Excerpts from a dataset

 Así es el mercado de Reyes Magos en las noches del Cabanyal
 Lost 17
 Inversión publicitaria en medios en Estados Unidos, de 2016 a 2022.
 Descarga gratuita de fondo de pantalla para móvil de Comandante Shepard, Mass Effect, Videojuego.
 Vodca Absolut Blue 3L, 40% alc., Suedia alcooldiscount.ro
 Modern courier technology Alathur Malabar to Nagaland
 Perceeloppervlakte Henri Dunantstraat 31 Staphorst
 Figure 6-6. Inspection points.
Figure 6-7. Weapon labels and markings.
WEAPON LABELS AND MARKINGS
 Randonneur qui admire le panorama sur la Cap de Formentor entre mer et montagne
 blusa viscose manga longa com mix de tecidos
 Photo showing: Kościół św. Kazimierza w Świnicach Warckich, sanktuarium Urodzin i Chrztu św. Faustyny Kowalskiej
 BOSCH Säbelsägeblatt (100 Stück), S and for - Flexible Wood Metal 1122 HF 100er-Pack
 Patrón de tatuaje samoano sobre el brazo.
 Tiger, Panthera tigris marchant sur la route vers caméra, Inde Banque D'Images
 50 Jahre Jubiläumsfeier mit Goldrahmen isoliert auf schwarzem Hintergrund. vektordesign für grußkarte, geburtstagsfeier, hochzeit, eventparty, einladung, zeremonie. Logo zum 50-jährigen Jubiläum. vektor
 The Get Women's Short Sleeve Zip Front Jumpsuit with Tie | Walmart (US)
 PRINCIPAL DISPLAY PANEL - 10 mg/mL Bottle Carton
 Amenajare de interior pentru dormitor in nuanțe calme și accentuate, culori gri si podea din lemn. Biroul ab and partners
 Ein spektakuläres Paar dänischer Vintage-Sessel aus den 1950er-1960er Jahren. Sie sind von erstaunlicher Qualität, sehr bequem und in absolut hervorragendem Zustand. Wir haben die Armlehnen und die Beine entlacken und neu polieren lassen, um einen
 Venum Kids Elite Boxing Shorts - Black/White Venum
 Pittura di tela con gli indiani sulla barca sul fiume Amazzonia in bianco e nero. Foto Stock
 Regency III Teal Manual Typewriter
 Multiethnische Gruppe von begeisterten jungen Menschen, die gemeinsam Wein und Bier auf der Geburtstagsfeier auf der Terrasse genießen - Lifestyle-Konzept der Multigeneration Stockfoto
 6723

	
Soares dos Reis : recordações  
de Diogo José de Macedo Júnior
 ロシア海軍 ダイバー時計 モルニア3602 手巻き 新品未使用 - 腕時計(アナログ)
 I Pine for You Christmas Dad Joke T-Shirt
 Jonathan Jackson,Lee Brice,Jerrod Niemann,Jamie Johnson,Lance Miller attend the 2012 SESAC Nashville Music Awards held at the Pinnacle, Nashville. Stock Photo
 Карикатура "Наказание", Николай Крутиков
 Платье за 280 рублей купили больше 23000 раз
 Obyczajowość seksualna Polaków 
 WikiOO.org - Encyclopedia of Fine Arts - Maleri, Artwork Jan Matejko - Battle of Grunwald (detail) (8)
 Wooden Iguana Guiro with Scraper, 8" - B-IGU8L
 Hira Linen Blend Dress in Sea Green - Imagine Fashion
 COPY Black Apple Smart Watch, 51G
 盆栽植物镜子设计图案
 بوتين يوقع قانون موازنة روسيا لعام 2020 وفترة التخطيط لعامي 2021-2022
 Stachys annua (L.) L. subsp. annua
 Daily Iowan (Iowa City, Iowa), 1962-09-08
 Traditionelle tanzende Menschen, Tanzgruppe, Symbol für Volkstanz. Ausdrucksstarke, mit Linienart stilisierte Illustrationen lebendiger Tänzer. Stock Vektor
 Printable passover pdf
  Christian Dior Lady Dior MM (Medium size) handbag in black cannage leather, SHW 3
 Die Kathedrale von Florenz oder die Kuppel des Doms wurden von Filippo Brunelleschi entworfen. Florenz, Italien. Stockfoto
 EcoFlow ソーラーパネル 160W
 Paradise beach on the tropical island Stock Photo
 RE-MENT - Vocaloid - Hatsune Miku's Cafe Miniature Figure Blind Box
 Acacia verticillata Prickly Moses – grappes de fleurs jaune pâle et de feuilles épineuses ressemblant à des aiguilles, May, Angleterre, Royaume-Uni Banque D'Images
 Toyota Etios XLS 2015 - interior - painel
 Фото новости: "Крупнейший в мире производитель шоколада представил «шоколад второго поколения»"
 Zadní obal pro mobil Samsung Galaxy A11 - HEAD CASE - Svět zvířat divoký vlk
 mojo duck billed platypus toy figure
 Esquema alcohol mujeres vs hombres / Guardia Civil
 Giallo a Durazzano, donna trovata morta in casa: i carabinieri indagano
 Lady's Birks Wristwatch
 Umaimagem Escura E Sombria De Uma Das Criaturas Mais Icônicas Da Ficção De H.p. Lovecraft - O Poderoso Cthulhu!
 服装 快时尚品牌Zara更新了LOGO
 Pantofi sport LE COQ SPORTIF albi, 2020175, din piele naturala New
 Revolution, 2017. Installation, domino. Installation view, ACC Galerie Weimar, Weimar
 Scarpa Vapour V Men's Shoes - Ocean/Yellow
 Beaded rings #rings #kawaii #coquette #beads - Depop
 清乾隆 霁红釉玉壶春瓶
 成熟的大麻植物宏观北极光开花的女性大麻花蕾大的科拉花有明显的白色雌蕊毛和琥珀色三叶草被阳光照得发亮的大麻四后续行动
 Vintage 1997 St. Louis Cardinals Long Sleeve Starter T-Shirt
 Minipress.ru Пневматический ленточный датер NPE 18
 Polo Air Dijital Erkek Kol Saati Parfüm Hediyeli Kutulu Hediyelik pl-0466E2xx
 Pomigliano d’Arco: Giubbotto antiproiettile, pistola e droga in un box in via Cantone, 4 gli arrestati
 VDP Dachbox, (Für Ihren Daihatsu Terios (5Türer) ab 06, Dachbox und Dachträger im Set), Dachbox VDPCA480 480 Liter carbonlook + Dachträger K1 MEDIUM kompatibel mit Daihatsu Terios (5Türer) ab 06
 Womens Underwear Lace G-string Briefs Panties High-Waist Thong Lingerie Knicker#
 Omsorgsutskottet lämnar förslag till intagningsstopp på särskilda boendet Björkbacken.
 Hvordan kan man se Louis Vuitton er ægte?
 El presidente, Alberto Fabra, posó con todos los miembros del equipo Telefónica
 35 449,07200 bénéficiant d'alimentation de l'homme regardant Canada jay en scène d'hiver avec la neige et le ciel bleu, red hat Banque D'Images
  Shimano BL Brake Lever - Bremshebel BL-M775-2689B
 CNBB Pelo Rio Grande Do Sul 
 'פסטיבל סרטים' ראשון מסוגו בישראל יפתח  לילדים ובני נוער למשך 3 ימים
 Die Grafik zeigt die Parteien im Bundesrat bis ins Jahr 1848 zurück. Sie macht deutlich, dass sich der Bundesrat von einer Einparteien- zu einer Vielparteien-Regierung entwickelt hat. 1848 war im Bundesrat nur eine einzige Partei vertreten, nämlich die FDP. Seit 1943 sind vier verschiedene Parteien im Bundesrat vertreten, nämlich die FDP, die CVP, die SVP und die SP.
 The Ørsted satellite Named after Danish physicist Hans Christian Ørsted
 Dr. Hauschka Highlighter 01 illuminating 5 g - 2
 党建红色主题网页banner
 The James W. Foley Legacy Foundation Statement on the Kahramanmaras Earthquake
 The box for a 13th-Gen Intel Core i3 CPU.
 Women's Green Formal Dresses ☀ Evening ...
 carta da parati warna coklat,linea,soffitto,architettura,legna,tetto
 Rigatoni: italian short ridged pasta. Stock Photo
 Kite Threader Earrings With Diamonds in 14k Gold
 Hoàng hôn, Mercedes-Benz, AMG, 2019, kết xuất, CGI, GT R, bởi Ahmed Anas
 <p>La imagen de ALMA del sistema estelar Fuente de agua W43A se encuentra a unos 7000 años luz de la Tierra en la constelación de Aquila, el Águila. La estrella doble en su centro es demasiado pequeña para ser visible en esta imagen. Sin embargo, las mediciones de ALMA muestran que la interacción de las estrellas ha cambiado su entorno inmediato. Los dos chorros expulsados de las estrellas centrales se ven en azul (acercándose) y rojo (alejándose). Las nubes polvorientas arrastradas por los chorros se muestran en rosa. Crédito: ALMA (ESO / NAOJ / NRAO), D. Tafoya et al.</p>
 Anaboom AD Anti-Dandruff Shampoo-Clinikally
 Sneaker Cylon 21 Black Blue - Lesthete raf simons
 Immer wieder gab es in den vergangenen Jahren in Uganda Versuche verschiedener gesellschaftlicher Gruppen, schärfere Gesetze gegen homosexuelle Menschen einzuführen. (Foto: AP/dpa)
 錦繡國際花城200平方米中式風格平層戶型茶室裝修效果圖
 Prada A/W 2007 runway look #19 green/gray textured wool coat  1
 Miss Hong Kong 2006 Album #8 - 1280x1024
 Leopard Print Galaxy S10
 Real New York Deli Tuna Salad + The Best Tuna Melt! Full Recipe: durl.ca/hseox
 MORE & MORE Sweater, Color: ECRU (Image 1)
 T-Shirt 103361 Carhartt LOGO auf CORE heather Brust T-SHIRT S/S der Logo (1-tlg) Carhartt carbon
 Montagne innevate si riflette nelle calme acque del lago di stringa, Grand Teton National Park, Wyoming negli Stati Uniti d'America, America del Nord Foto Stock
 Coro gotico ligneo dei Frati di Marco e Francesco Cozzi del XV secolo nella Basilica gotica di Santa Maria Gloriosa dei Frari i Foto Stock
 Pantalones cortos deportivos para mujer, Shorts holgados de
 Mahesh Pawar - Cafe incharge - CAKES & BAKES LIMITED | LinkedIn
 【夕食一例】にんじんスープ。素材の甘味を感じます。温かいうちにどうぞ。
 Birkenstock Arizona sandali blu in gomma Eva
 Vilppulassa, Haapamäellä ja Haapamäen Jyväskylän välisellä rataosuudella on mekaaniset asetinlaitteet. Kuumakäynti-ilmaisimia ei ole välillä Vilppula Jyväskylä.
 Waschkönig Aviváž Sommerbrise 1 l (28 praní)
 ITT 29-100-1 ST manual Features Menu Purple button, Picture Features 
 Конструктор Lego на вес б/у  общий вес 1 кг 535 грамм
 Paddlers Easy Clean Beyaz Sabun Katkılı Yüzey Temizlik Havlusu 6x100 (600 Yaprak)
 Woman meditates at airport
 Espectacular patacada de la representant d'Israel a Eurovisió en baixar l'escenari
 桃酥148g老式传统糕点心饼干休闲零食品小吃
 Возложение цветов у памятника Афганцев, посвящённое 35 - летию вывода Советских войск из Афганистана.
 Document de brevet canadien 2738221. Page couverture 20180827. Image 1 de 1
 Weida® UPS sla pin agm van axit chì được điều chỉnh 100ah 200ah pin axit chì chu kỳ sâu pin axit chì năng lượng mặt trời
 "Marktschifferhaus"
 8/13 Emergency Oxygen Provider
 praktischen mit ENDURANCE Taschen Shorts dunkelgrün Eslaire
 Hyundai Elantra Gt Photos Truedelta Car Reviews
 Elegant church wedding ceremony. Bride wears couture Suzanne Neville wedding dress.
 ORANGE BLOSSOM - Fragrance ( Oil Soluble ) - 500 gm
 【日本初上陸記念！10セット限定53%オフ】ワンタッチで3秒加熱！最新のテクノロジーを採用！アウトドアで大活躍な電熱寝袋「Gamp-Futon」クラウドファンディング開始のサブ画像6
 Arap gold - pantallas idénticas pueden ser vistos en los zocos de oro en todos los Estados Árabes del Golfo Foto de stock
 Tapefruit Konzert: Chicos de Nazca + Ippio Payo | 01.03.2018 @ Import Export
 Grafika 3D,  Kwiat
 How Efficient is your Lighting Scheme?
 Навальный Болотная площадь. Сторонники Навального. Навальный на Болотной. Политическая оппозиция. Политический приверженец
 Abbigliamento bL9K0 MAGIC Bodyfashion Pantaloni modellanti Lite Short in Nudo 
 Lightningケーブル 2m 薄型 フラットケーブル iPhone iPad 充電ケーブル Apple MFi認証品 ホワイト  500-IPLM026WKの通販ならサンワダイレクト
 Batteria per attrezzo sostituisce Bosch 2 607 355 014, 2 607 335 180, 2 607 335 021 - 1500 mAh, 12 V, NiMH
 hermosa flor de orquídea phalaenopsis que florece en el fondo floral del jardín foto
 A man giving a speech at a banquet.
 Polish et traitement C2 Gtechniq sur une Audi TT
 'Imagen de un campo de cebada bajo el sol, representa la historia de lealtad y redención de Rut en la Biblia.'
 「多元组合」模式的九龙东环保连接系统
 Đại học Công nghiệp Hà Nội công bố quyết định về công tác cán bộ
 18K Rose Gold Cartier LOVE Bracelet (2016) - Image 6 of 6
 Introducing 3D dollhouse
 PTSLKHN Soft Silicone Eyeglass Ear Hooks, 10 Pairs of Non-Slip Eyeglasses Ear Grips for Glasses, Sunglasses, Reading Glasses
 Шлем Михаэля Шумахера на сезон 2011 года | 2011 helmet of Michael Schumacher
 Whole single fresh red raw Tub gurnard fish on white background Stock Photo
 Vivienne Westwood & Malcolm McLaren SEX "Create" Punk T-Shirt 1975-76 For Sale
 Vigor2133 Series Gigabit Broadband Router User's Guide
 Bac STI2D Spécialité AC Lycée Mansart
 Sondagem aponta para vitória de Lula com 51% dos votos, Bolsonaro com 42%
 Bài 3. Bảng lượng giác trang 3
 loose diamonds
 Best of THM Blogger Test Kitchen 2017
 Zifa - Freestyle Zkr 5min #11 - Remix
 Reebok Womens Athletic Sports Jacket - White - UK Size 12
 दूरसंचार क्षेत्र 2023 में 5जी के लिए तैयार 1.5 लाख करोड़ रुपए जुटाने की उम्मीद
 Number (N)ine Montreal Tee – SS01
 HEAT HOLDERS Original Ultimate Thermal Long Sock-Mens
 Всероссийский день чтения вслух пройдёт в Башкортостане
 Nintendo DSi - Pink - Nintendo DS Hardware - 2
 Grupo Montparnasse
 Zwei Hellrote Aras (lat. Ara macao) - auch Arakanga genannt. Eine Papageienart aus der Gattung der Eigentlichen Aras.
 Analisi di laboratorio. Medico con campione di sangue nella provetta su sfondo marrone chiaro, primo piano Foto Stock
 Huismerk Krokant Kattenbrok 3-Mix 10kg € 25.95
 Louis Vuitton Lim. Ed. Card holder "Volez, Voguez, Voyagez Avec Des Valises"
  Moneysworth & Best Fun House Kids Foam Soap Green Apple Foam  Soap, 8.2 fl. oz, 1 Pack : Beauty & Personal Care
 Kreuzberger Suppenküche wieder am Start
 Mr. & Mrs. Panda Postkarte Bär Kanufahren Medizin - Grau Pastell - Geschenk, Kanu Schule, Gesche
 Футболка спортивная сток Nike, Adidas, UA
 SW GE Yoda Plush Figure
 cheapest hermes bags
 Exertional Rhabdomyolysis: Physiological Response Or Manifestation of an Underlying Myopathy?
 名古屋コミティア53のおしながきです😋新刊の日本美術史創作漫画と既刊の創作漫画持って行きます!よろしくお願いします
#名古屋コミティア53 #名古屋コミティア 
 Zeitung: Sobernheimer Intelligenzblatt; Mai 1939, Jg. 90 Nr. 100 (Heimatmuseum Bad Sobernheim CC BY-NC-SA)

ABOUT THIS TASK -
Up to and including the line with "blusa viscose manga longa com mix de tecidos", print every line of the records from the start.

TASK ANSWER -
 Así es el mercado de Reyes Magos en las noches del Cabanyal
 Lost 17
 Inversión publicitaria en medios en Estados Unidos, de 2016 a 2022.
 Descarga gratuita de fondo de pantalla para móvil de Comandante Shepard, Mass Effect, Videojuego.
 Vodca Absolut Blue 3L, 40% alc., Suedia alcooldiscount.ro
 Modern courier technology Alathur Malabar to Nagaland
 Perceeloppervlakte Henri Dunantstraat 31 Staphorst
 Figure 6-6. Inspection points.
Figure 6-7. Weapon labels and markings.
WEAPON LABELS AND MARKINGS
 Randonneur qui admire le panorama sur la Cap de Formentor entre mer et montagne
 blusa viscose manga longa com mix de tecidos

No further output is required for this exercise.